* _Data items_
════
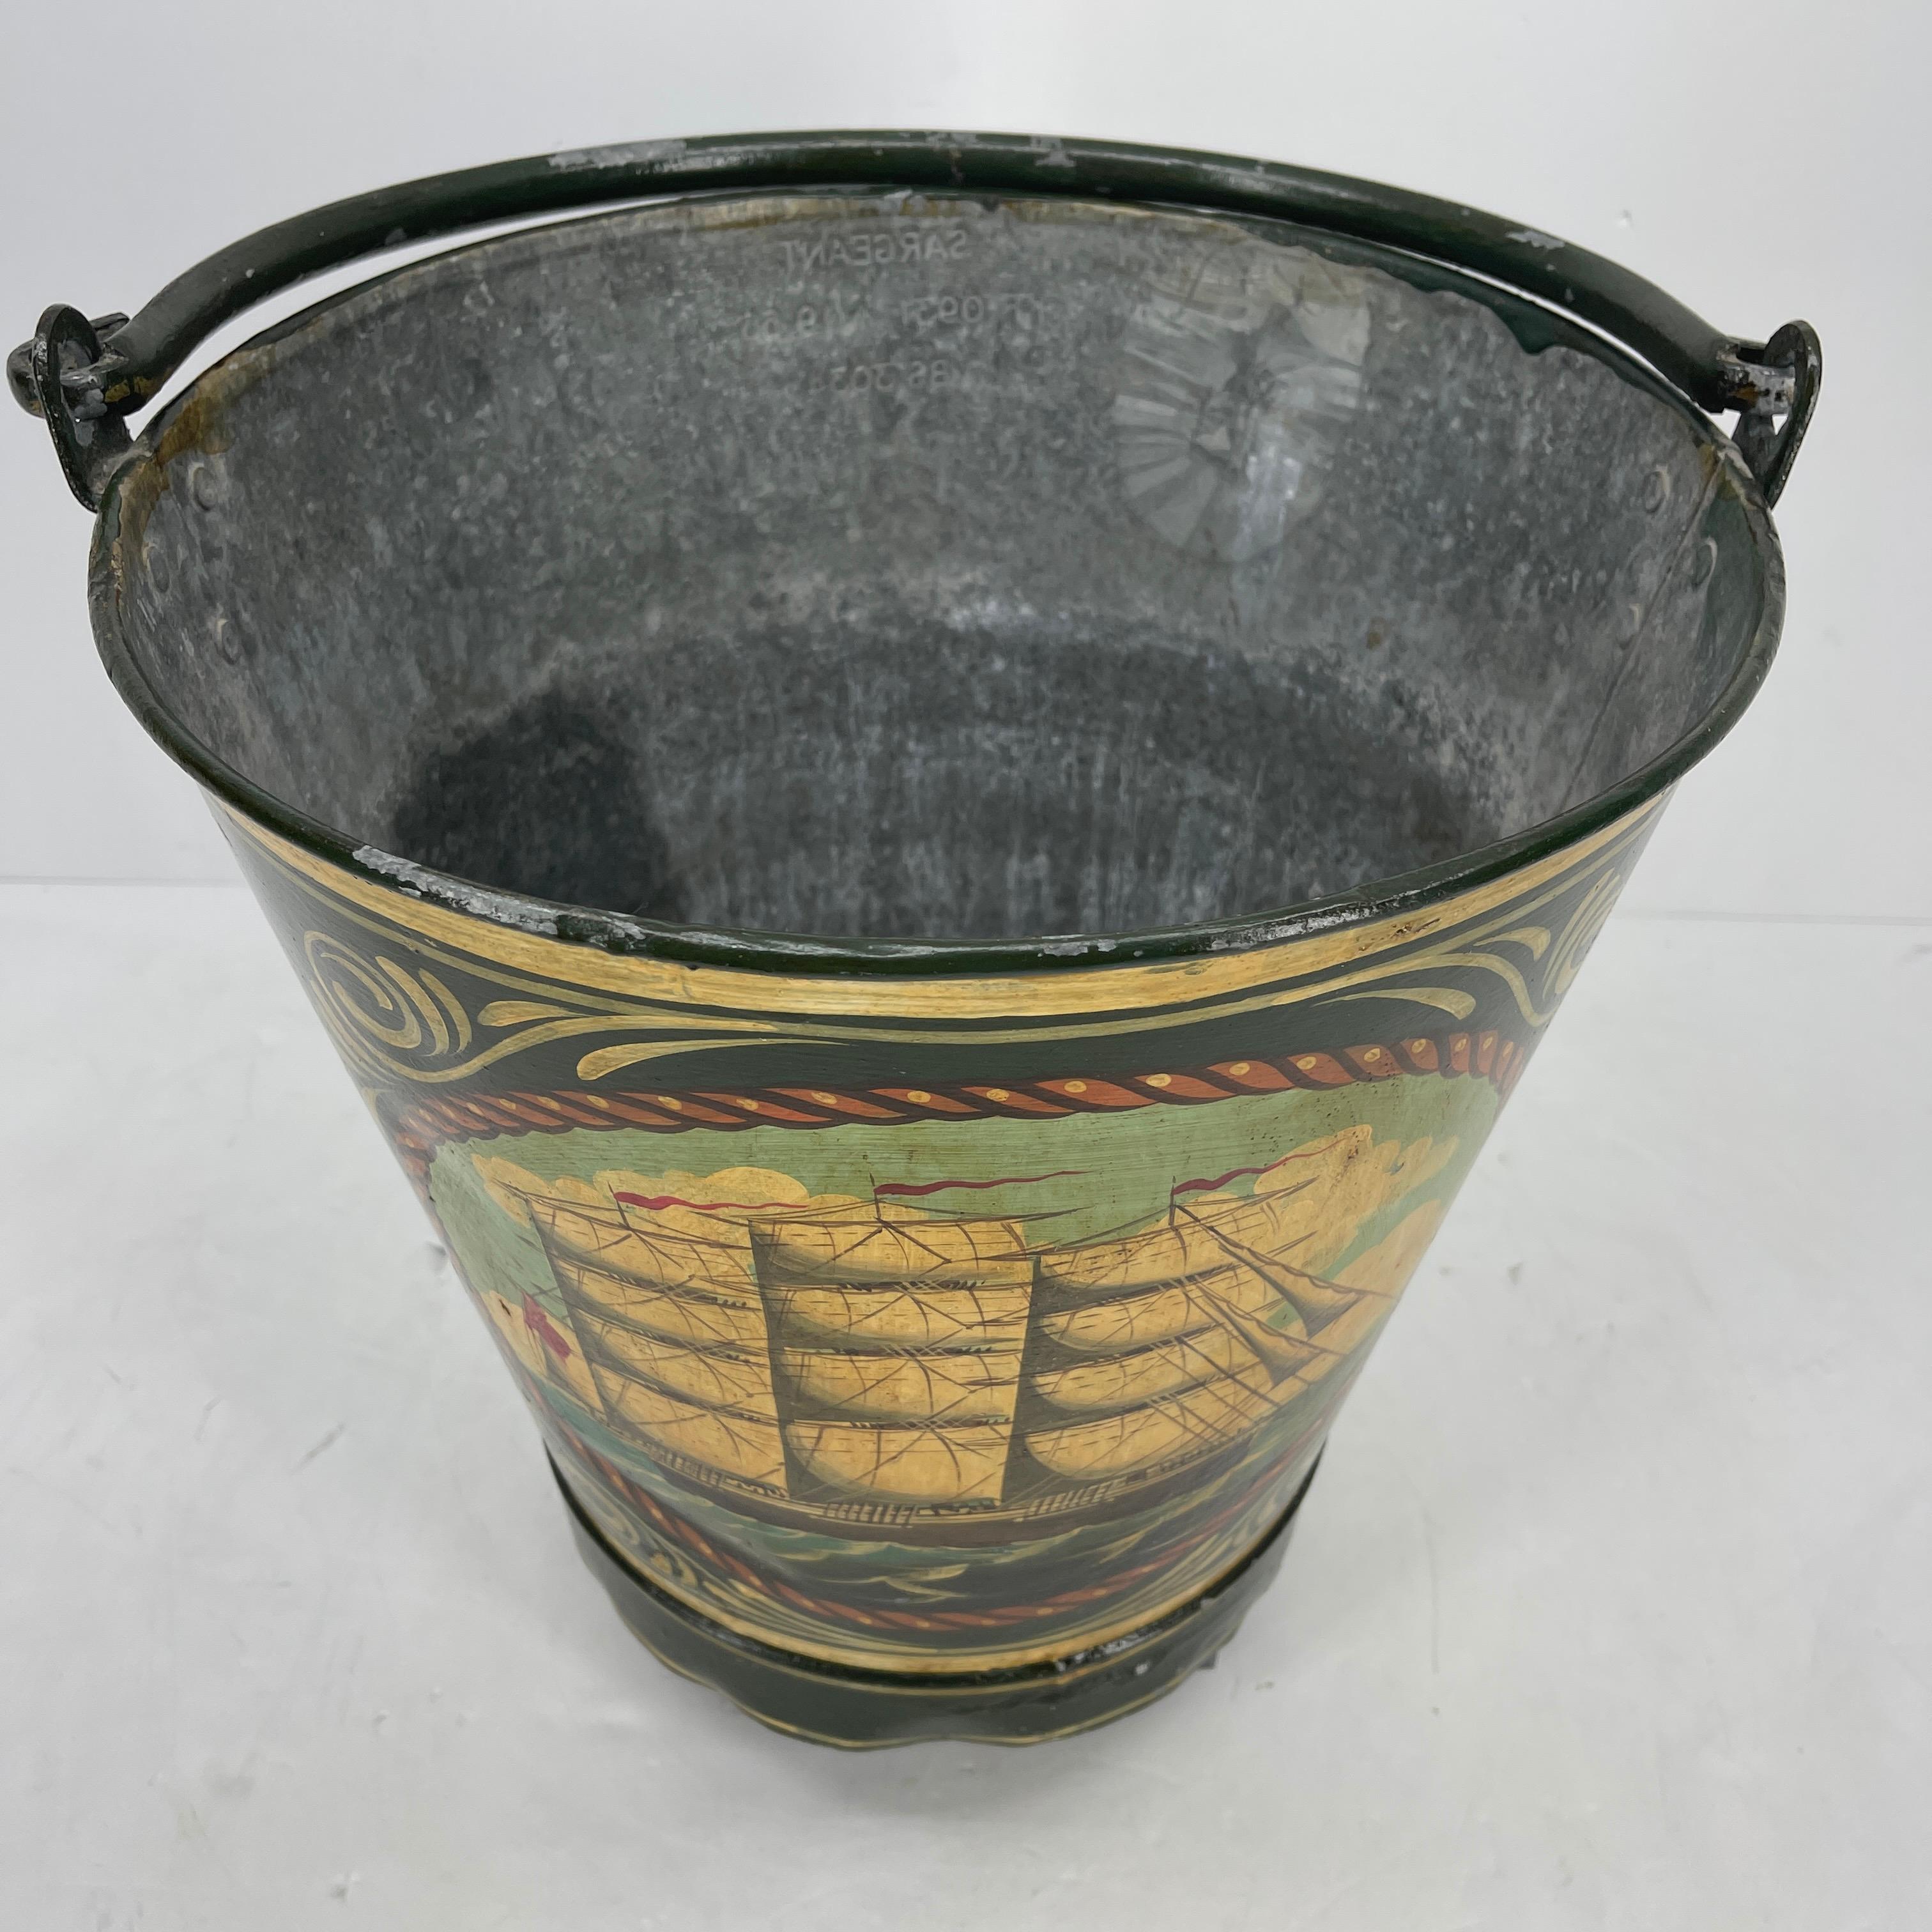 Antique painted metal fireplace log holder bucket. The bucket has a lovely nautical theme; the painted sailboat and rich colors make this functional fireplace accessory a welcome addition to the maritime collectors everywhere.
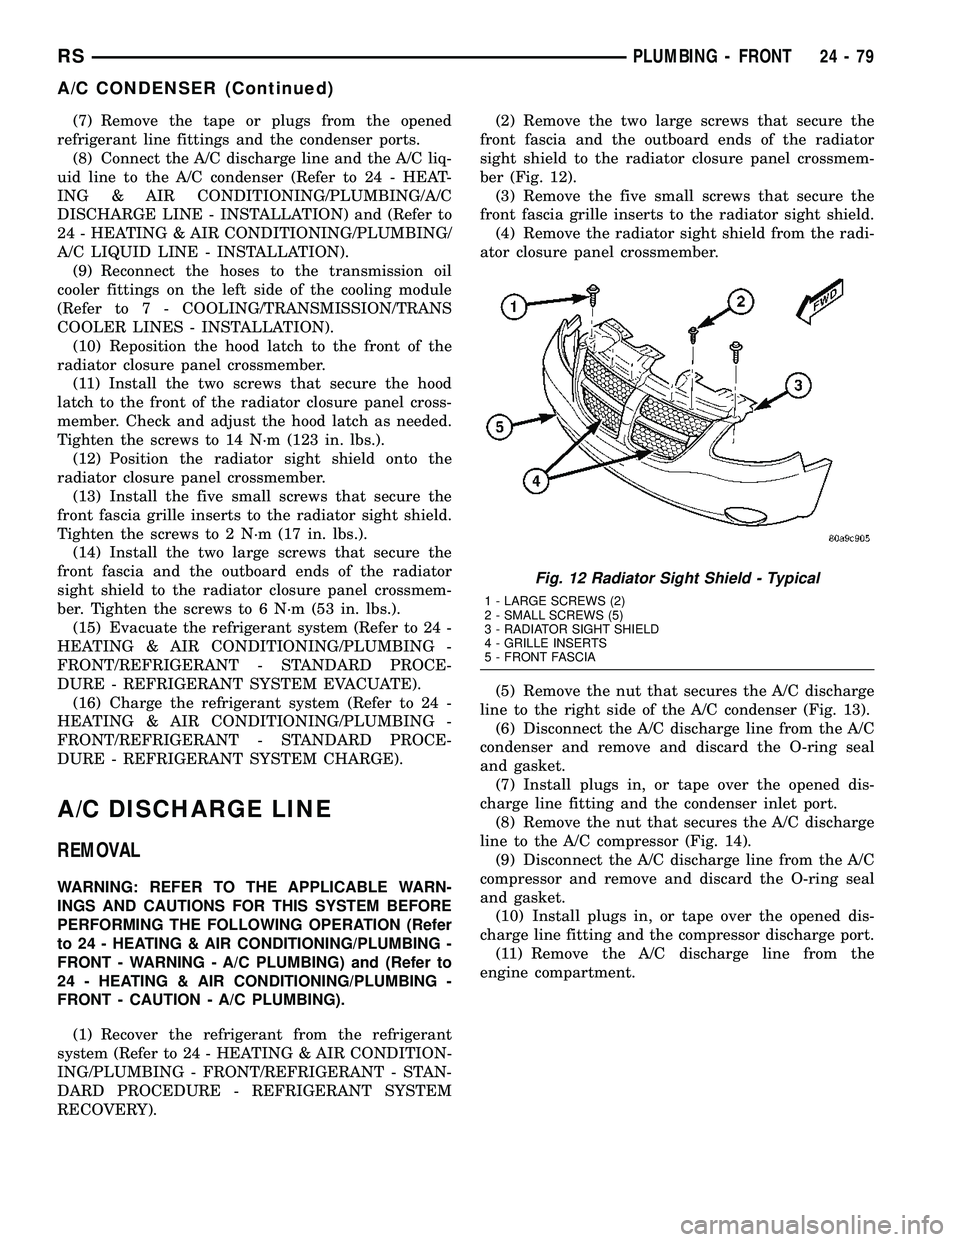 CHRYSLER VOYAGER 2005  Service Manual (7) Remove the tape or plugs from the opened
refrigerant line fittings and the condenser ports.
(8) Connect the A/C discharge line and the A/C liq-
uid line to the A/C condenser (Refer to 24 - HEAT-
I
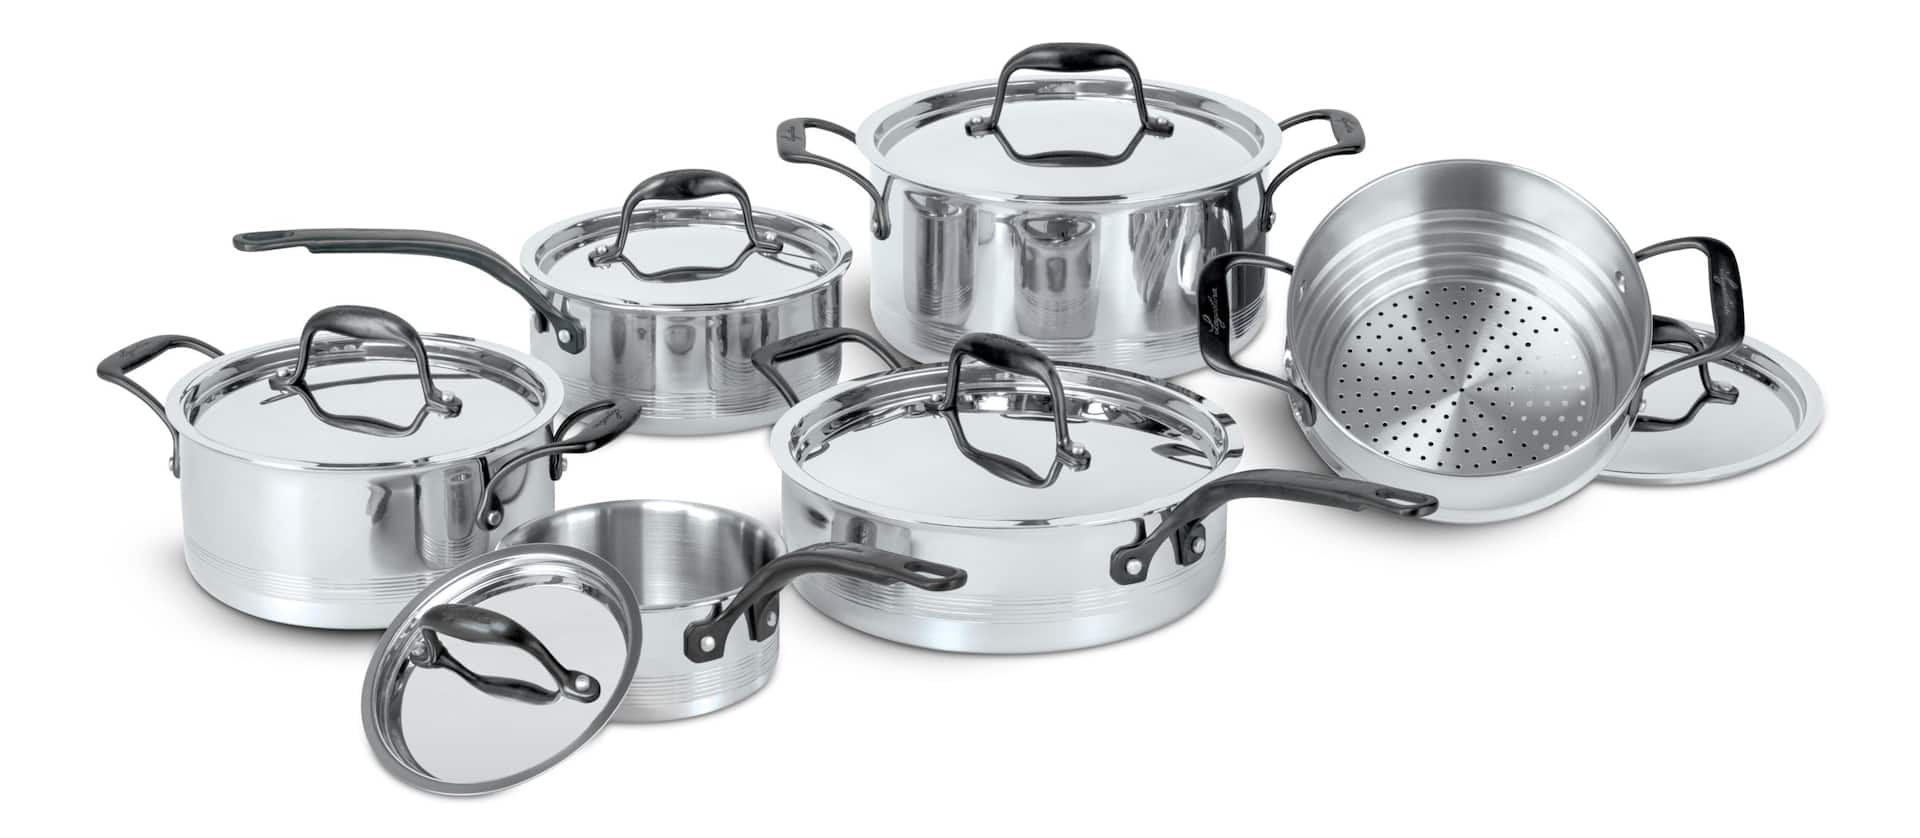 Lagostina 12pc 7ply Stainless Steel Cookset E4f781c1 7cef 4931 975f F23d4aee92b0 Jpgrendition 
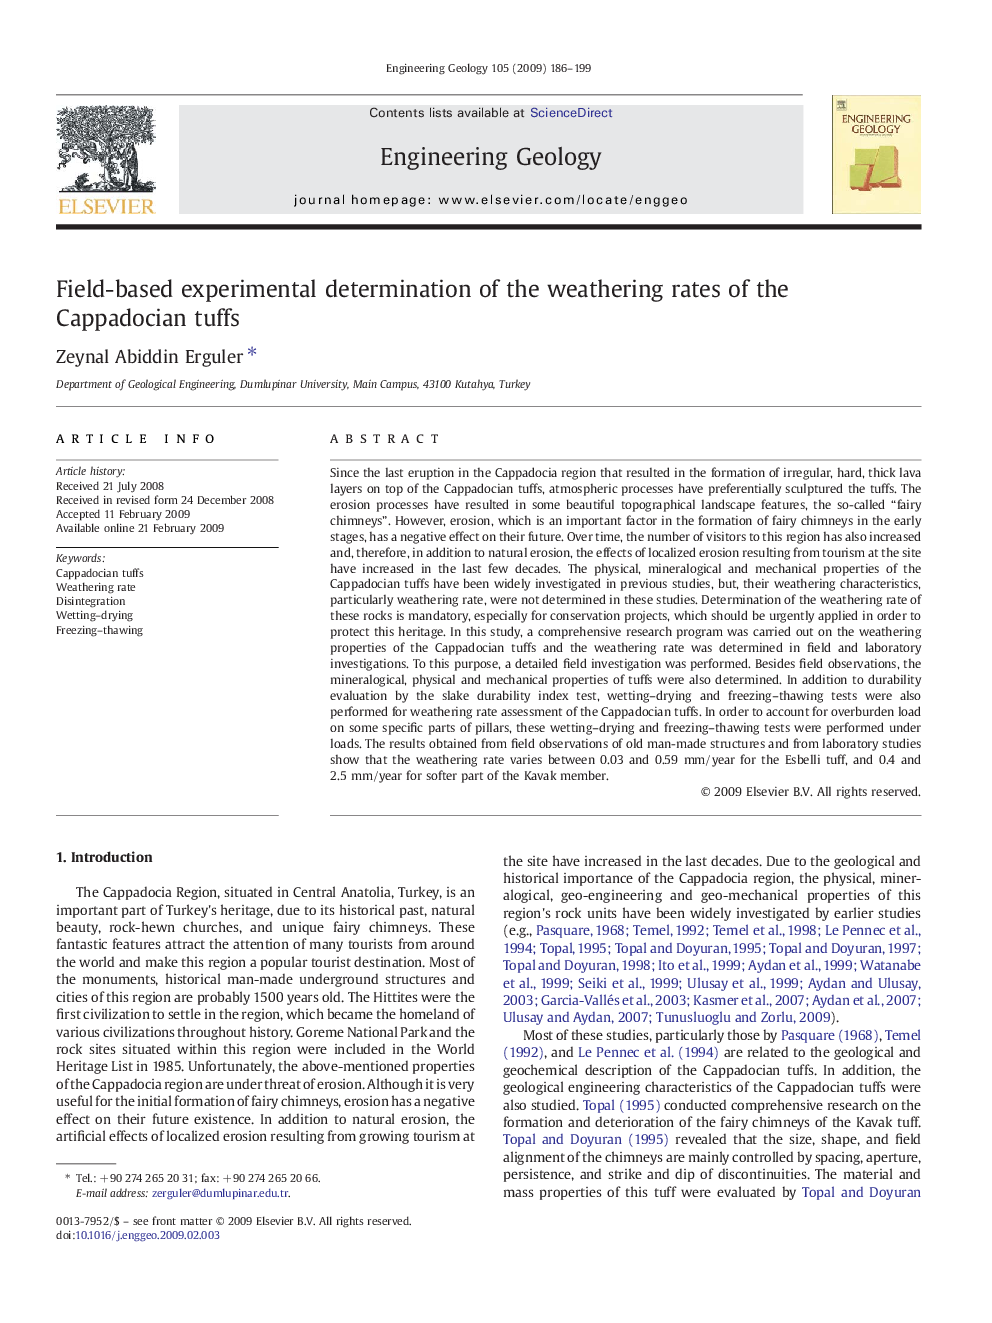 Field-based experimental determination of the weathering rates of the Cappadocian tuffs
════
Write out, word for word, only the lines from the one containing "Lagostina 12pc 7ply" to the end of the data above; the pictures stay out.

* _WRITTEN ANSWER_
 Lagostina 12pc 7ply Stainless Steel Cookset E4f781c1 7cef 4931 975f F23d4aee92b0 Jpgrendition 
 Field-based experimental determination of the weathering rates of the Cappadocian tuffs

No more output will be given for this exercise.